Sí, soy yo: el libro parlanchín. Posiblemente ya no os acordéis de mí. Lo comprendo; la culpa es mía y sólo mía.
He pasado las últimas semanas en el taller. Ya pensaba que no podrían hacer nada por mí, pero las manos cariñosas de la bibliotecaria me han devuelto a la vida.
Mis pastas están protegidas con cartulina y plástico, mi lomo es una obra de ingeniería y mis hojas no terminan de cerrarse del todo, pero… ¡sigo aquí!
Creía que era firme candidato a la lista del expurgo y ya había perdido la esperanza de volver a estar con mis compañeros de balda o de volver a sentir los dedos de una lectora emocionada acariciando cada una de mis páginas.
Tengo que confesar que pese al interés que la bibliotecaria estaba poniendo en recomponerme, no tenía ninguna esperanza. ¿Qué expectativa puede quedar en un libro que ha sido lanzado por el balcón de un octavo piso?
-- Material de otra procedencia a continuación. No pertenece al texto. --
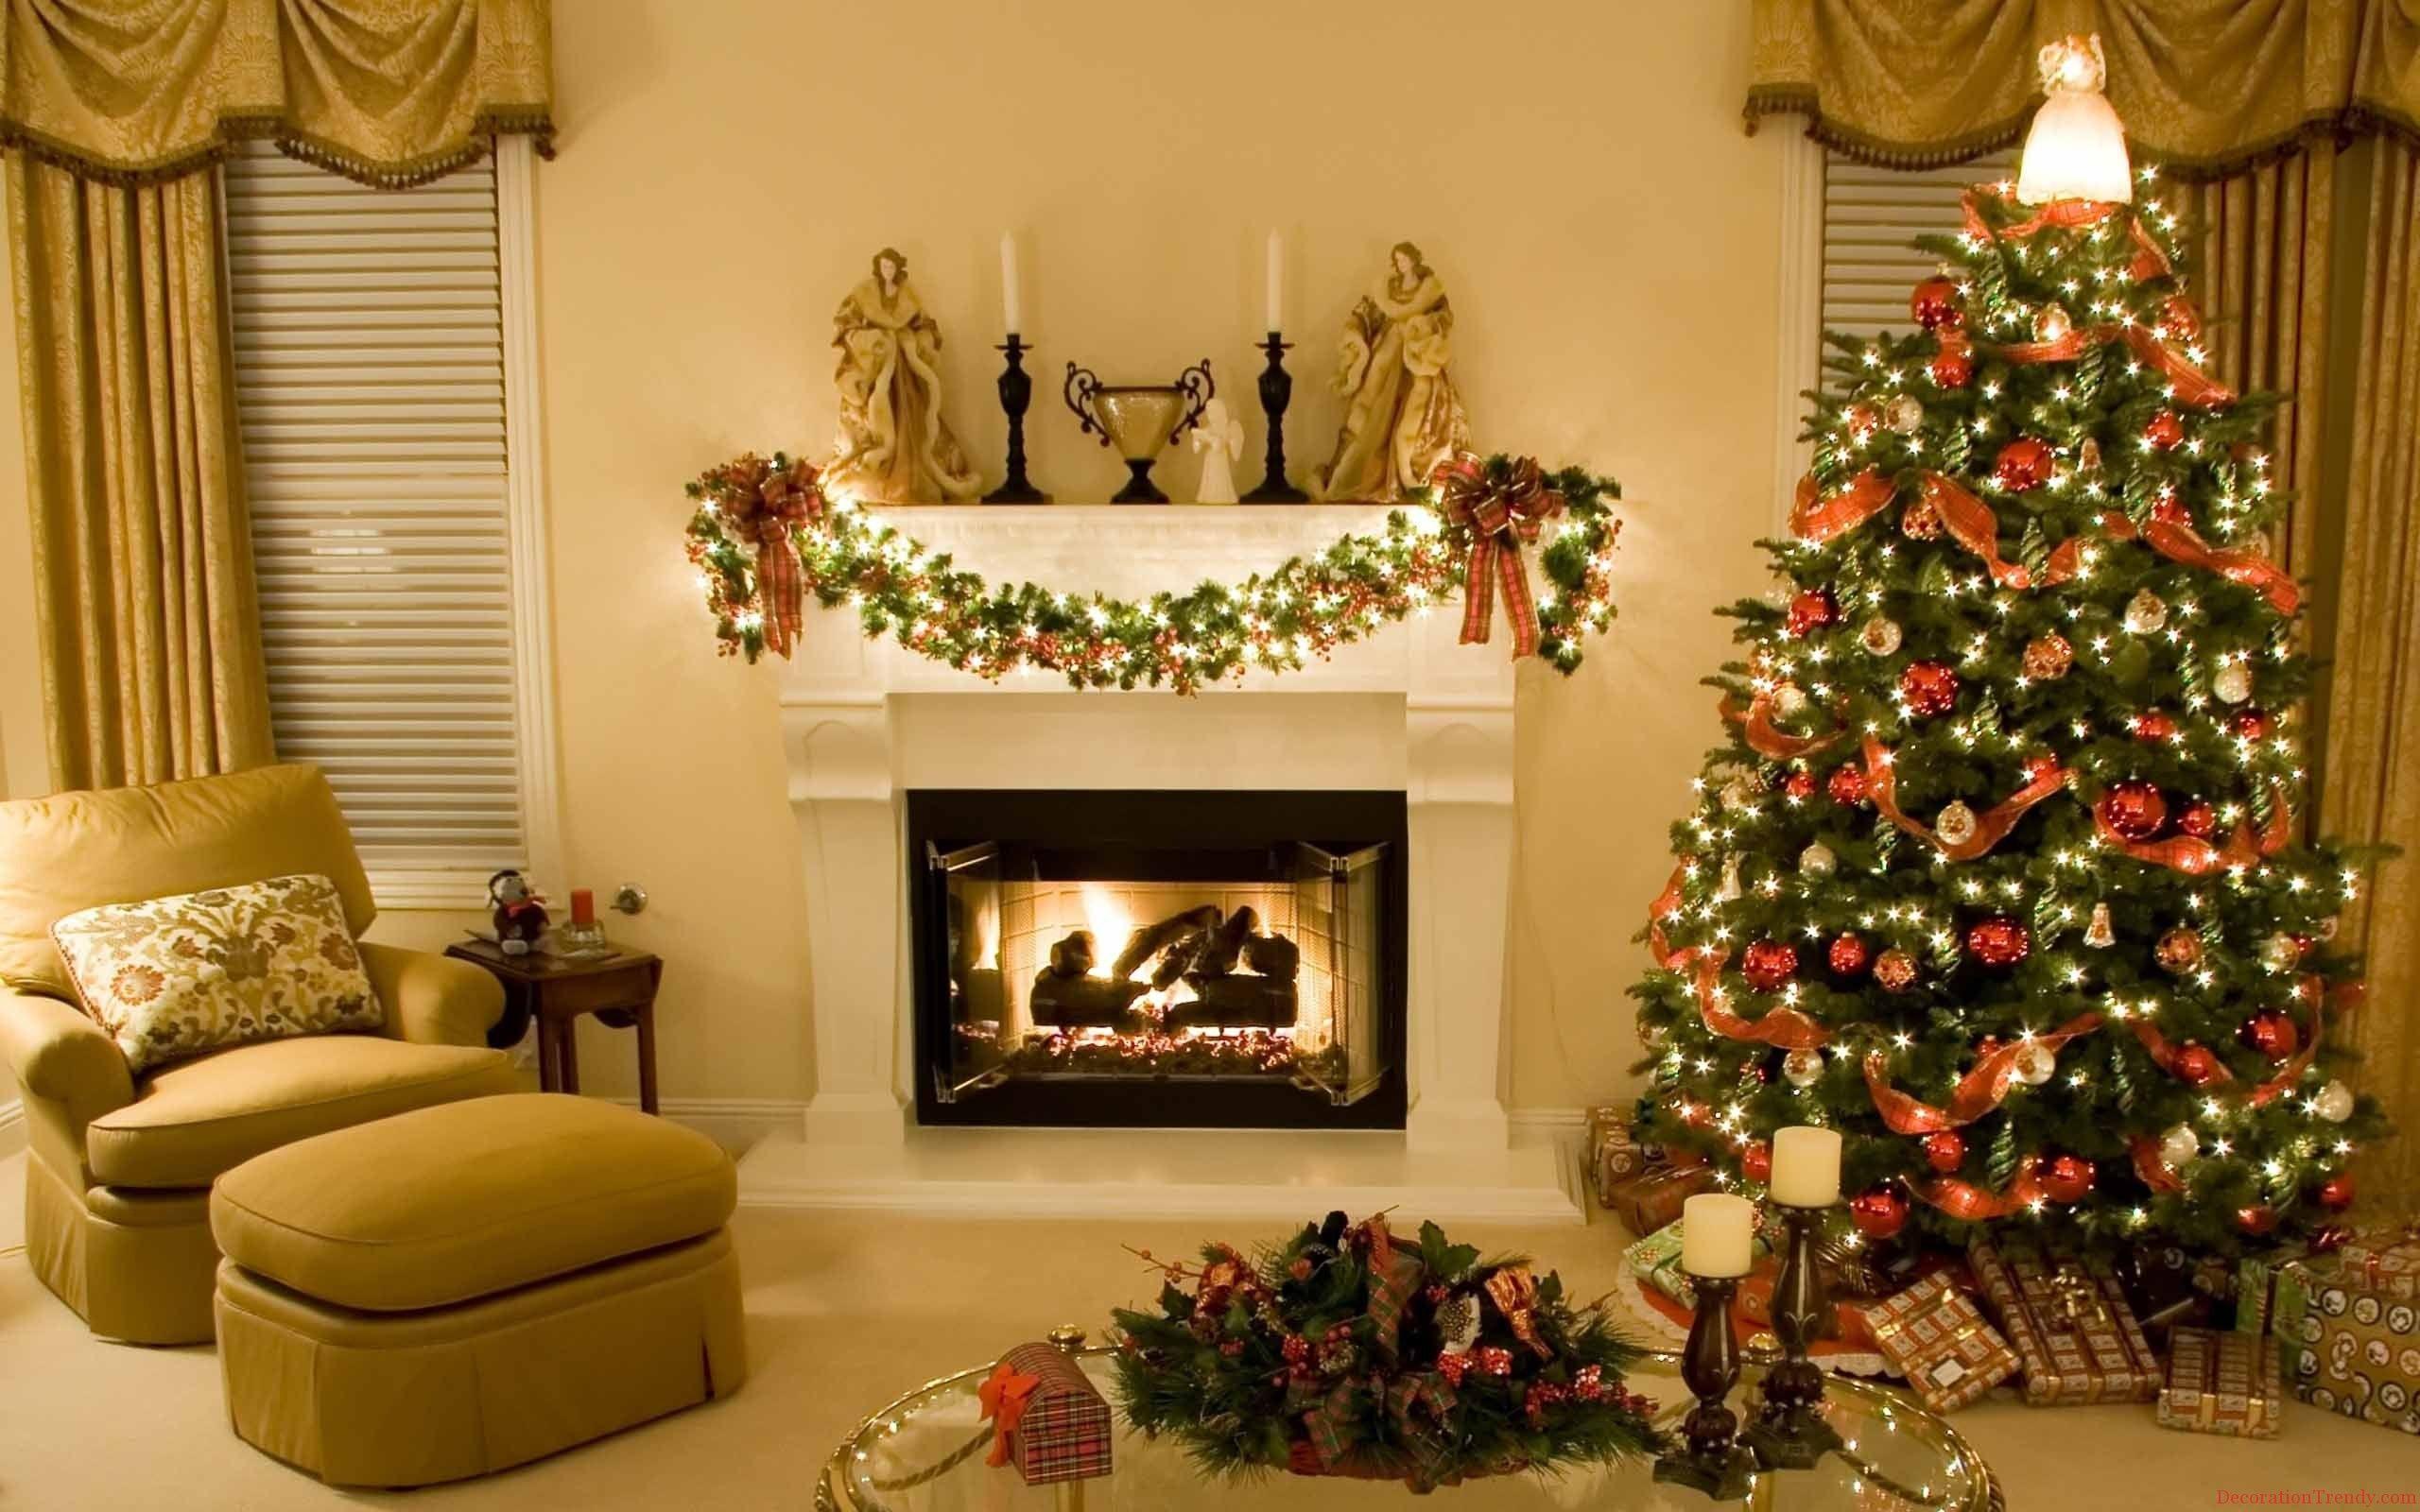 Image result for home decor for christmas | CHRISTMAS HOME DECOR ...

Sí. Hace unas semanas, entusiasmado, salí de la biblioteca en el bolso de una lectora. Me imaginaba horas y horas entre sus manos, sintiendo el roce de su dedo resiguiendo las líneas de mis caracteres; ya podía oír sus suspiros al llegar a las partes más emocionantes de mi historia. Me preparaba para absorber las lágrimas que estaba seguro derramaría al final.
¡Tonto!
Ella me dejó en la mesa de la sala, al lado de su sillón favorito y yo me dispuse a esperar, impaciente.
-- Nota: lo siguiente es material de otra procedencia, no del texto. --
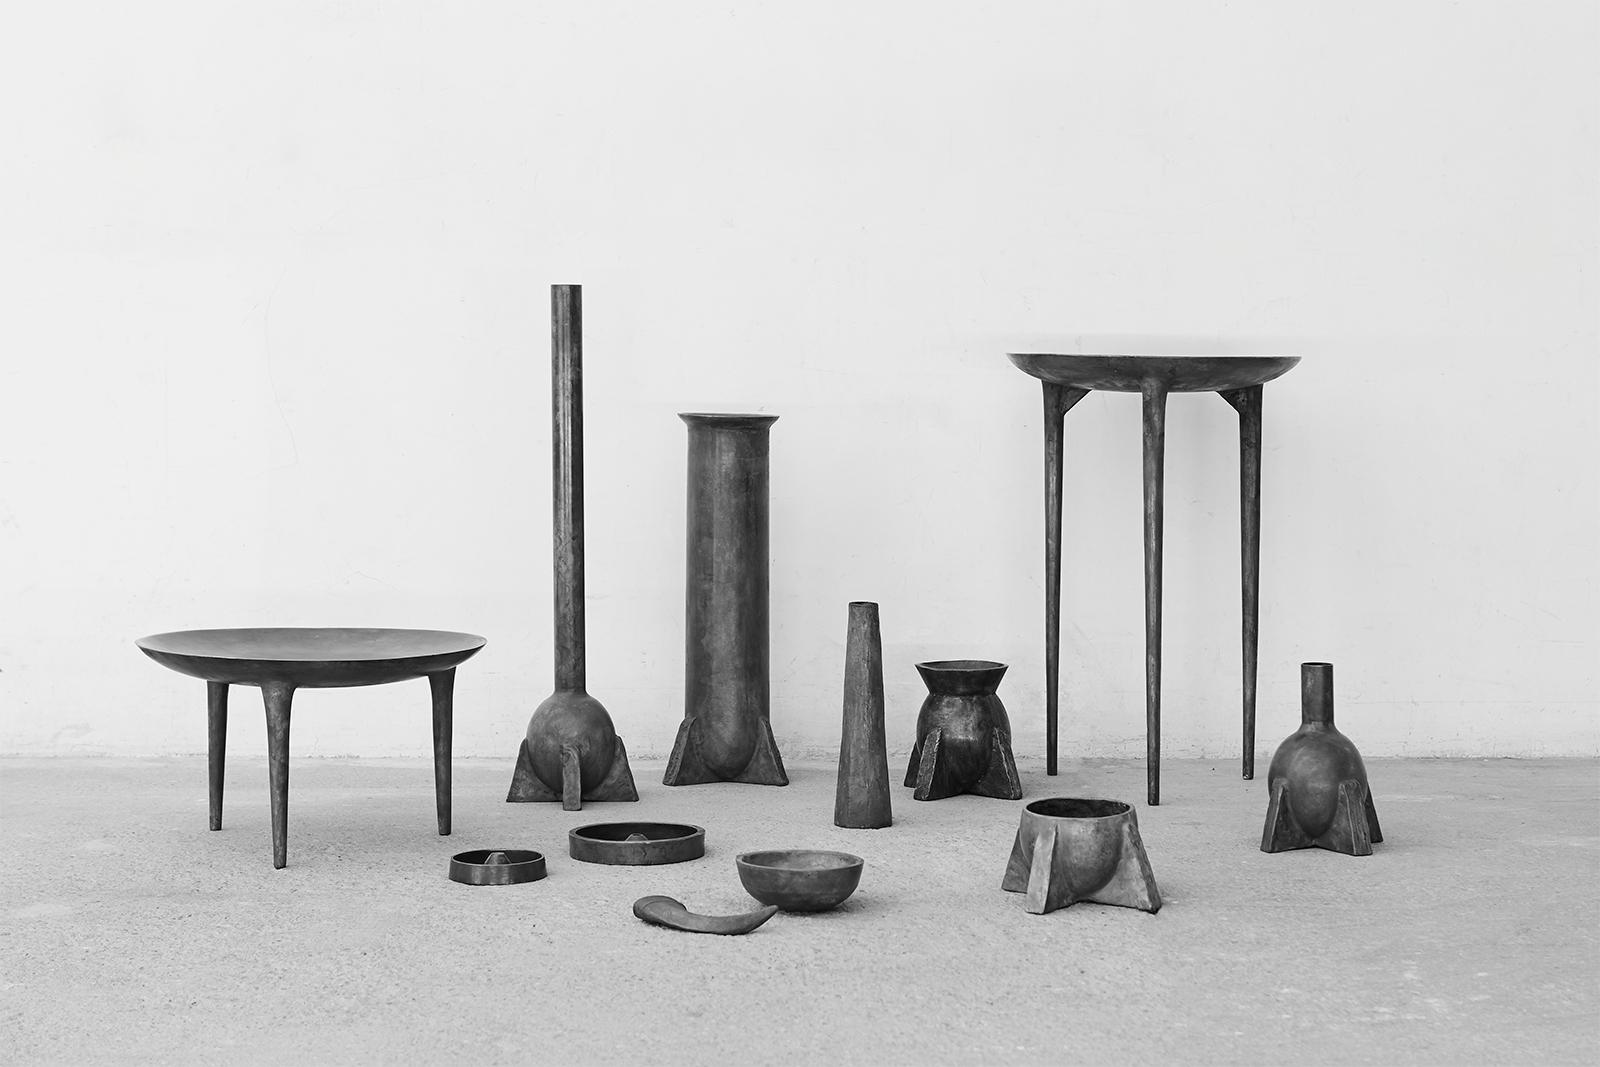 Maison / Objects

Su hijo de dos años apareció balbuceando con un dedo en la boca. Temblé. Sí, temblé al verlo venir. No he tenido muy buenas experiencias con los niños pequeños.
Ante mi impotencia, él golpeó la portada con su manita llena de babas, luego me agarró para zarandearme como si fuera un sonajero, mientras caminaba hacia el balcón con paso vacilante.
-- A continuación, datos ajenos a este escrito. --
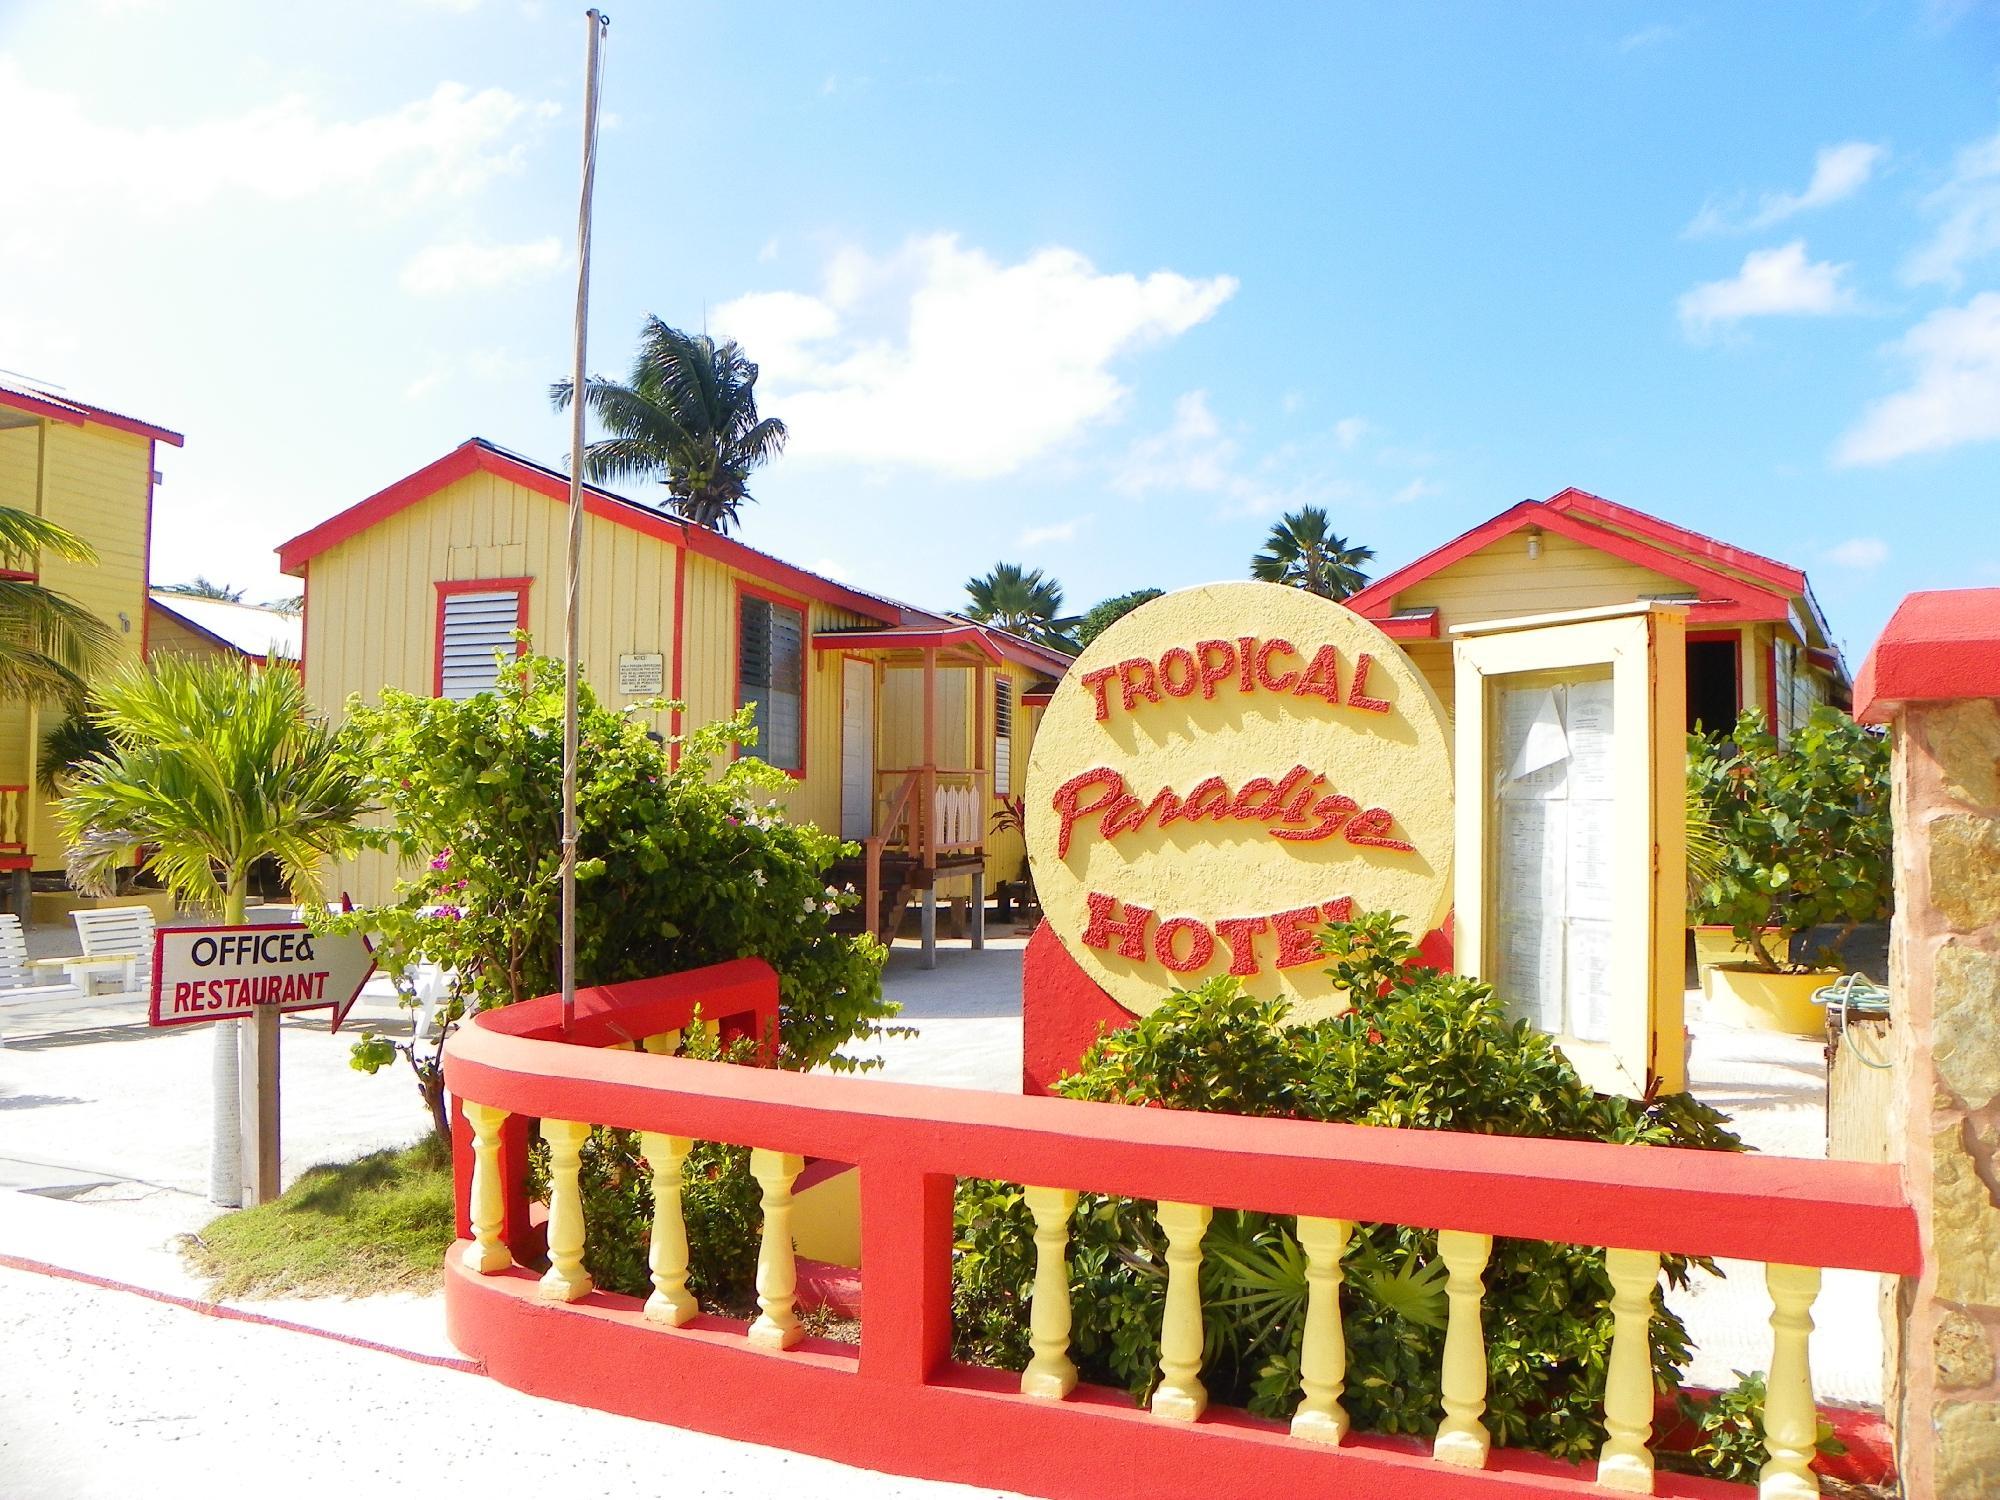 Tropical Paradise Hotel

Mis caracteres se amotinaron, dispuestos a saltar de entre mis páginas, pero no les dio tiempo a escapar.
Apreté las hojas y recé a Gutemberg.
Fue en vano.
El niño me lanzó al vacío y caí, caí…
El duro suelo llegó antes de que pudiera decir mi título.
Estampado contra las baldosas, deshojado y maltrecho, creí que había llegado mi final. Las manos artríticas de un anciano me recogieron con torpeza. Imagino que vio el sello de la biblioteca impreso en mi interior, porque fue allí donde me llevó con su andar cansino.
Bueno, el resto ya os lo podéis imaginar.
Ahora, ya de nuevo en mi balda y tras haber contado a mis compañeros mi aparatoso accidente, estoy listo para ser prestado otra vez.
Que mi baqueteado aspecto no os impida conocer la preciosa historia que se dibuja en mi interior.
Por ahora nada más.
Desde la biblioteca:
¡¡¡¡Feliz Navidad y Próspero año 2012!!!!